Дело о том, что она была похожа на цыганку... Этот факт сам по себе ничего еще не значил, так как Роза могла оказаться кем угодно, только не цыганкой, однако она так умело извлекала прибыль из своей внешности, что я в душе благоговела. Она отлично это знала и беззастенчиво пользовалась моей услужливостью.
Я тогда только-только вошла в стадию своего очередного маниакального увлечения, на сей раз - литературой, и нескончаемый поток Розиных клиенток великолепно подпитывал мою и так небедную фантазию. Они начинали собираться у нас в подъезде часов с восьми, стояли тихо, по одиночке и парами, изредка шепотом переговариваясь. В это же время Роза у себя в квартире готовилась к представлению - поплевав, приклеивала к подбородку родинку, подвязывала голову платком, надевала широкое платье, мягко обнимавшее ее мощную фигуру...

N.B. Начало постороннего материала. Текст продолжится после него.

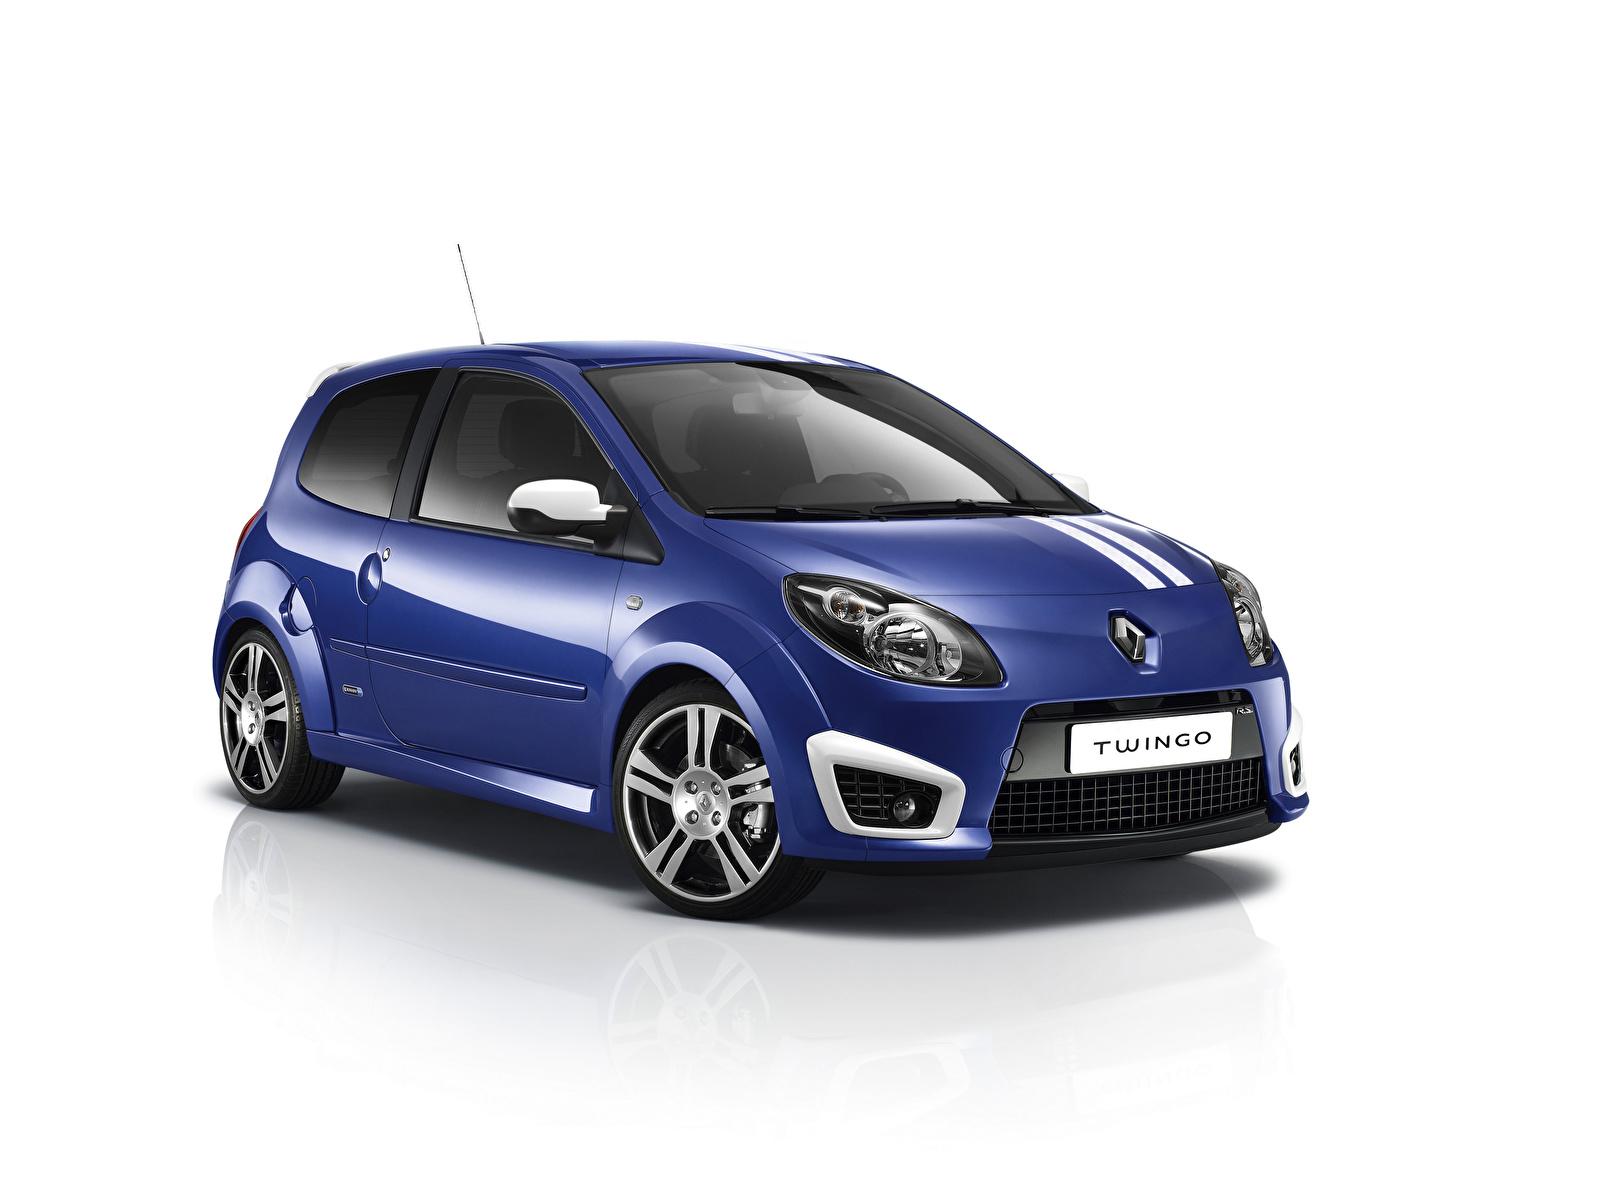 Fotos Renault Blau Autos Metallisch Weißer hintergrund 1600x1200 auto automobil
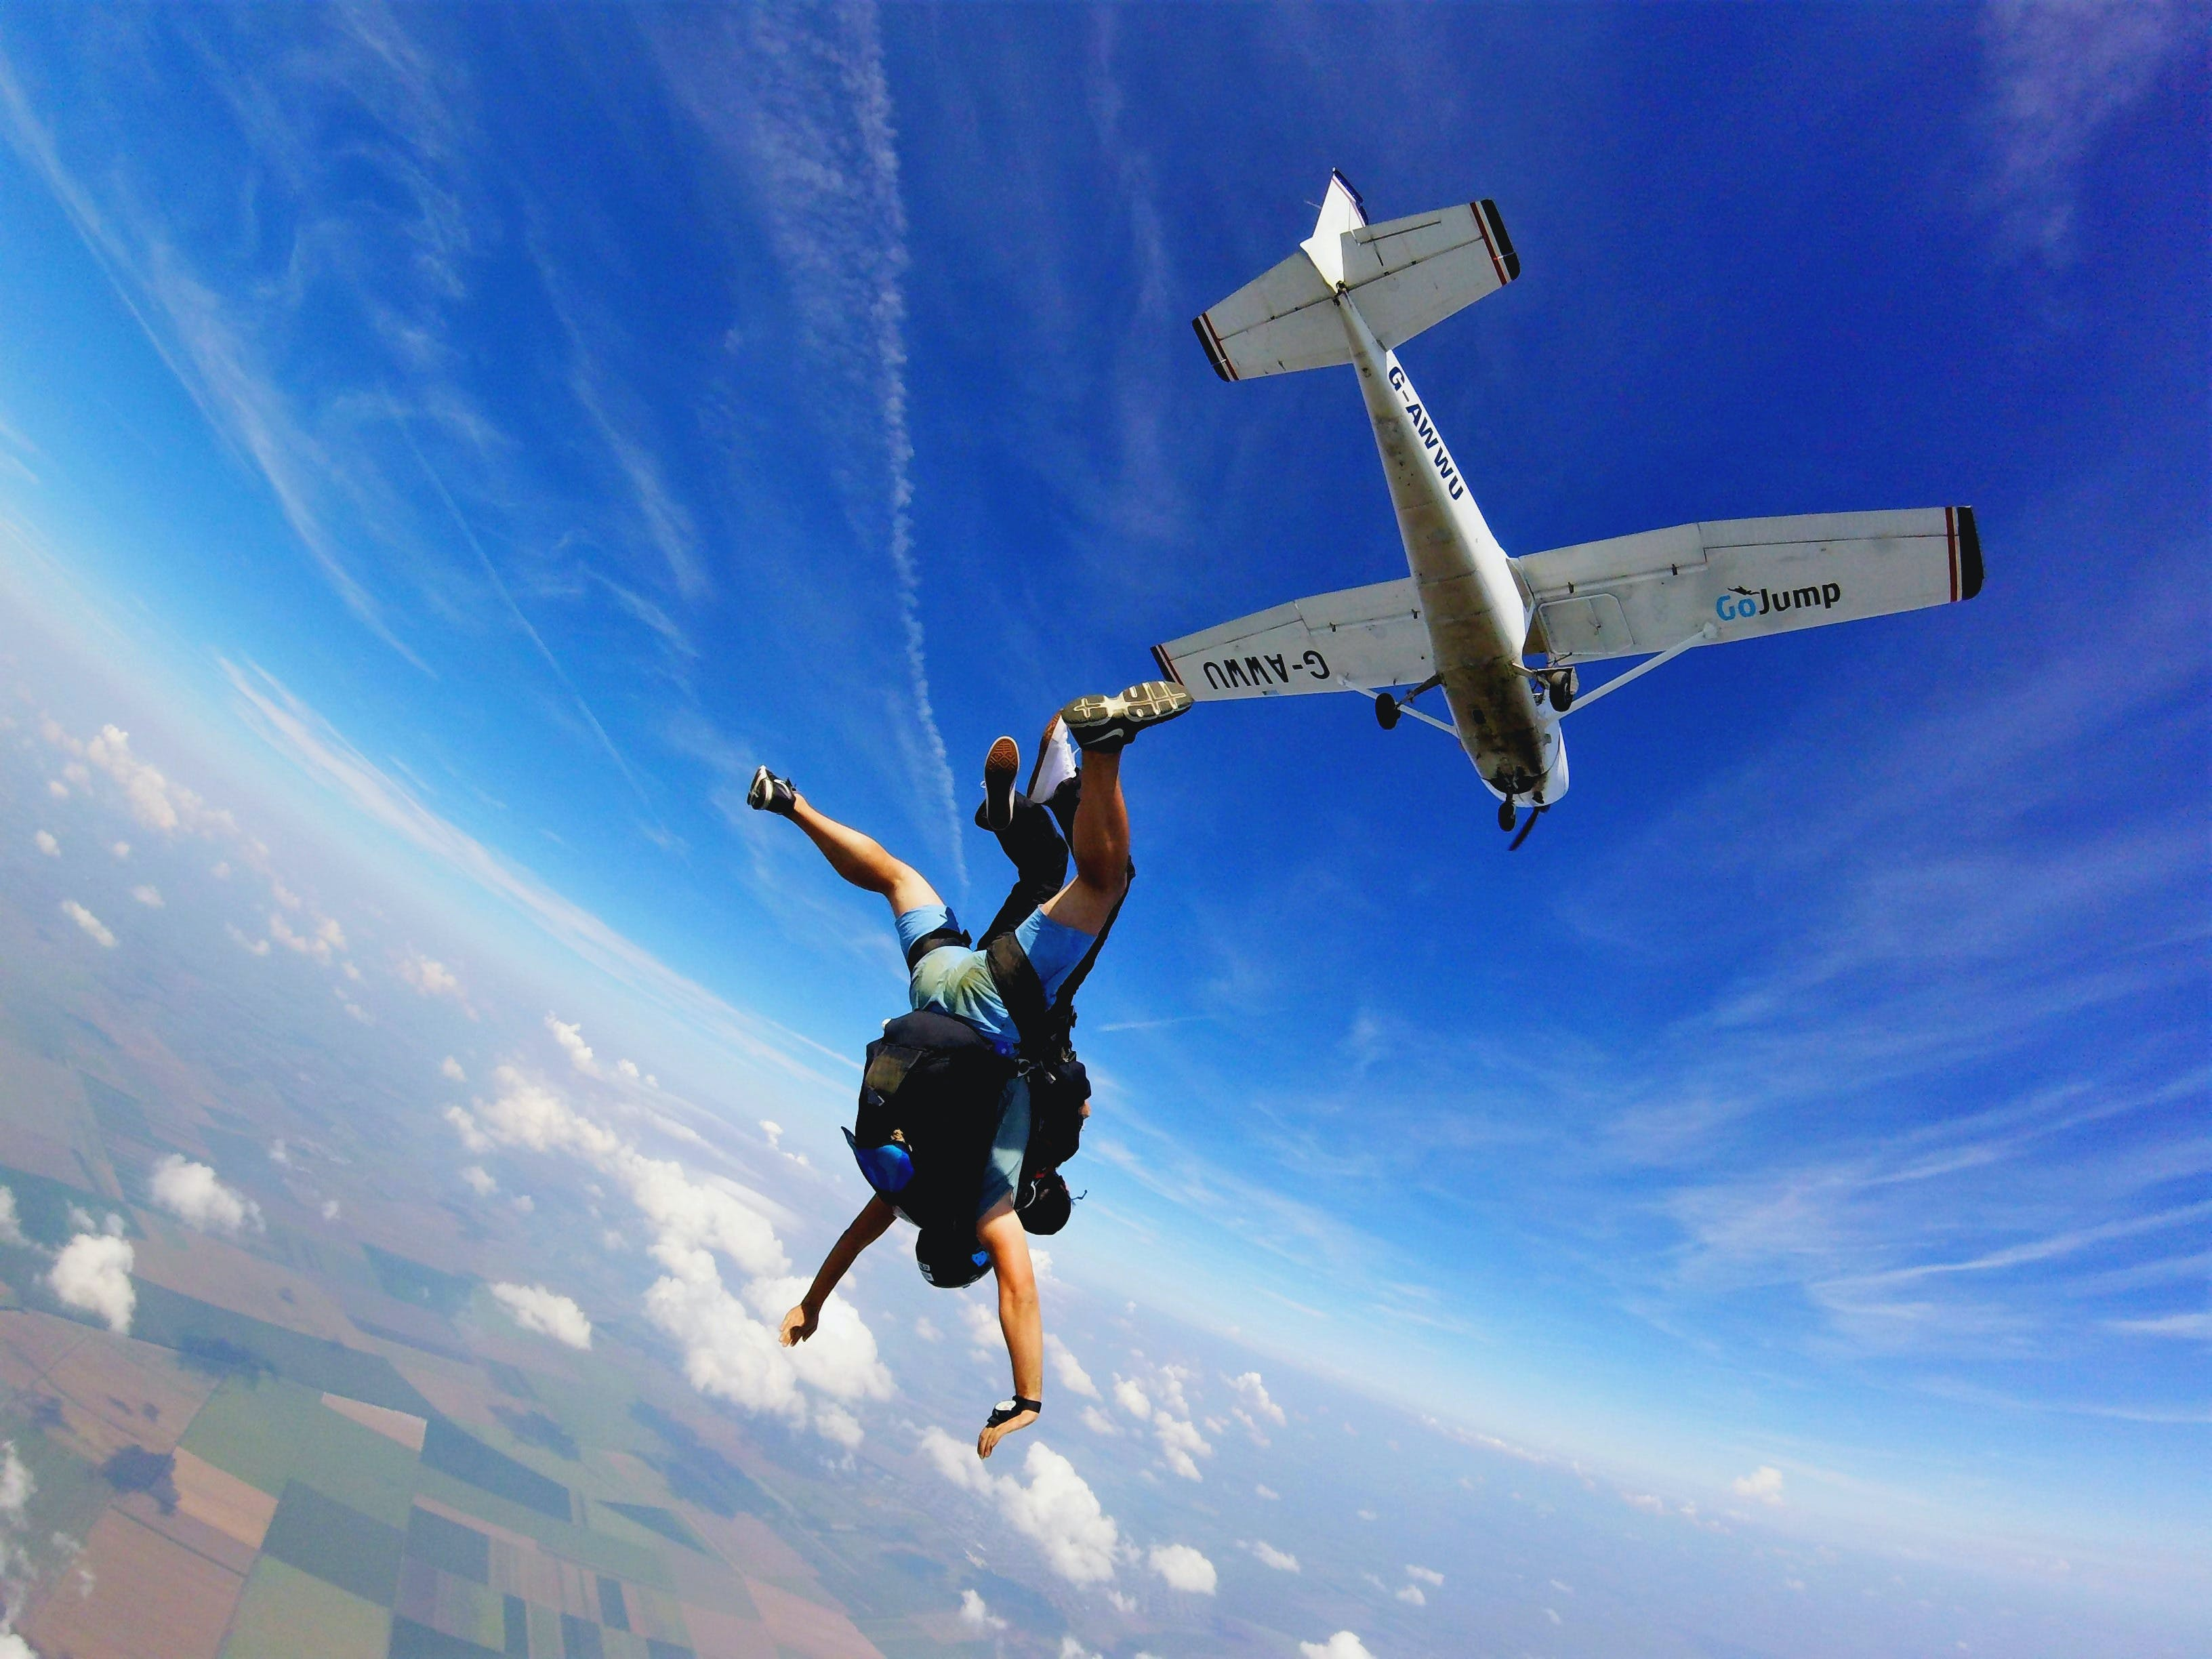 Gratis lagerfoto af blå himmel, falde fra himlen, faldskærm, flyspring

Думаю, женщины ее слегка побаивались. Она командовала ими как хотела: те, кто занимал очередь раньше всех, могли попасть к ней на "сеанс" последними, и наоборот. Роза руководствовалась какими-то своими, только ей одной извесными принципами отбора "клиентуры", поэтому я регулярно видела в толпе и богатых, и бедных, и наглых, и тихих. Одних она могла прогнать прямо с порога, других приглашала пройти бесплатно.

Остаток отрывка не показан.